Regionales Handwerk : Mit Vertrauen zurück in die Normalität

Die rund 7000 Handwerksbetriebe sind bisher mehr oder weniger glimpflich durch die Corona-Krise gekommen. Dennoch hofft die Wirtschaft, dass die Geschäfte wieder in ruhigeres Fahrwasser kommen.

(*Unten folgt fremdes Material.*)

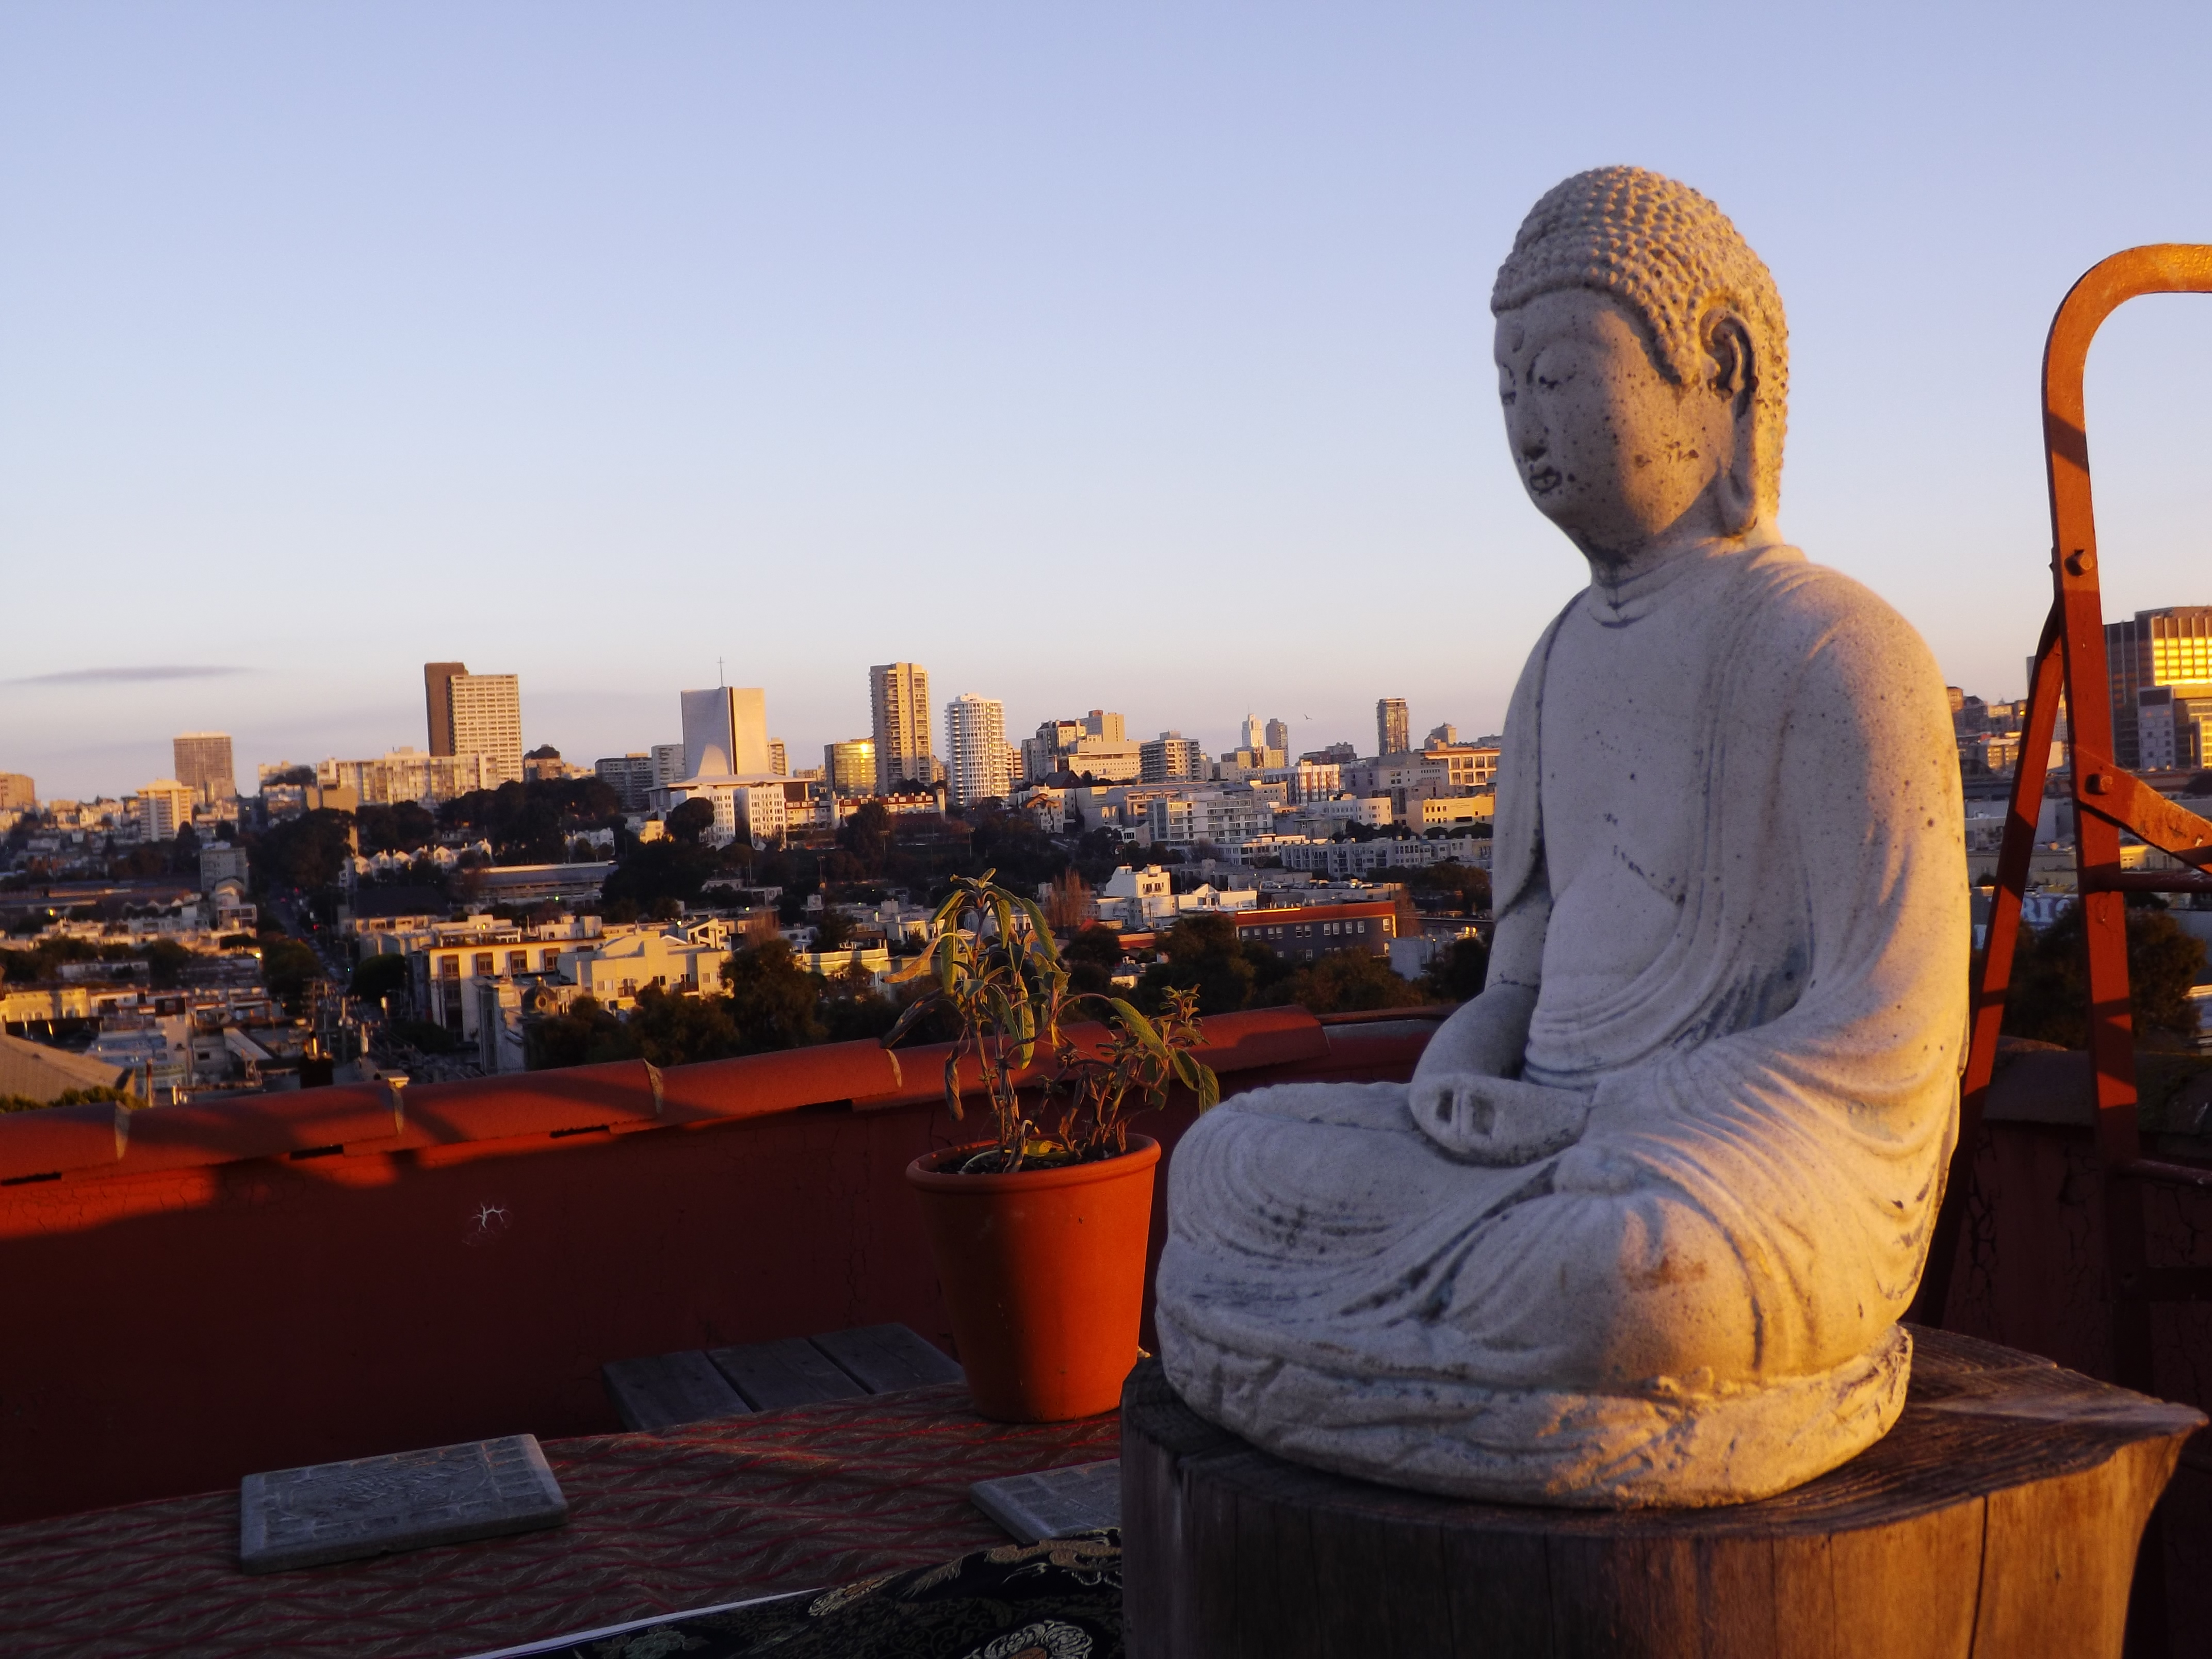 Rooftop sunrise with Buddha

Nichts wünschen sich die Verantwortlichen der Handwerkskammer Trier (HWK) so sehr, wie eine schnelle Rückkehr in die Normalität. Ein Stück Alltagsgeschäft kehrt am 4. Mai in die Kammer zurück. Dann werden die Werkstätten im neuen Bildungszentrum wieder mit Leben erfüllt. Aus diesem Grund haben Handwerkspräsident Rudi Müller, HWK-Hauptgeschäftsführer Axel Bettendorf und HWK-Geschäftsführer Matthias Schwalbach auch das neue BTZ gewählt, um ihre Botschaft anzubringen: „Wir lassen uns von Corona nicht ins Handwerk pfuschen. Wir wissen, was wir tun,“ zitiert Präsident Müller eine Handwerkskampagne.

Eigentlich seien die meisten Handwerksbranchen bisher „mit einem blauen Auge davongekommen“, erklärt HWK-Hauptgeschäftsführer Axel Bettendorf. Wichtig sei nun in dieser Phase, dass das Vertrauen in die Kompetenz der Handwerksbetriebe in Sachen Hygiene-Sicherheit gestärkt werde. „Sicherheit in der Corona-Krise – Vertrauen bei Mitarbeitern und Kunden gewinnen“, ist eine Handlungsanweisung für Betriebe, wie sie gefahrlos durch diese Zeiten steuern können.

Die gleichen Hygieneregeln gelten natürlich auch für den Neustart im Berufsbildungs- und Technologiezentrum. „Wir rechnen vom 4. Mai an mit etwa 200 Azubis am Tag  in unseren Werkstätten im Bauhof in Kenn und hier im BTZ in Trier“, sagt Bettendorf. Entsprechende Konzepte werden nun vorbereitet, damit die Azubis ihre Ausbildung und ihre Abschlussprüfungen machen können. „Für die jungen Menschen ist es wichtig, dass sie ihren Gesellenbrief bekommen können“, sagt Kammerpräsident Rudi Müller.

Das Handwerk habe bisher die Krise recht robust überstanden. „Viele Unternehmen haben vor zwei Monaten bei der Öko von vollen Auftragsbüchern berichtet, das sie bis Ende des Jahres ausgebucht seien“, erinnert sich Bettendorf. An dieser guten Lage habe sich wenig geändert. Matthias Schwalbach sieht zudem etwas Licht am Horizont für Branchen, die bisher gelitten haben. Seit vergangenem Montag können deutsche Handwerksbetriebe auch wieder in Luxemburg arbeiten. „Wenn das zunächst auch nur bei Großbaustellen und staatlichen Aufträgen der Fall ist, ist das eine gute Entwicklung“, sagt Matthias Schwalbach.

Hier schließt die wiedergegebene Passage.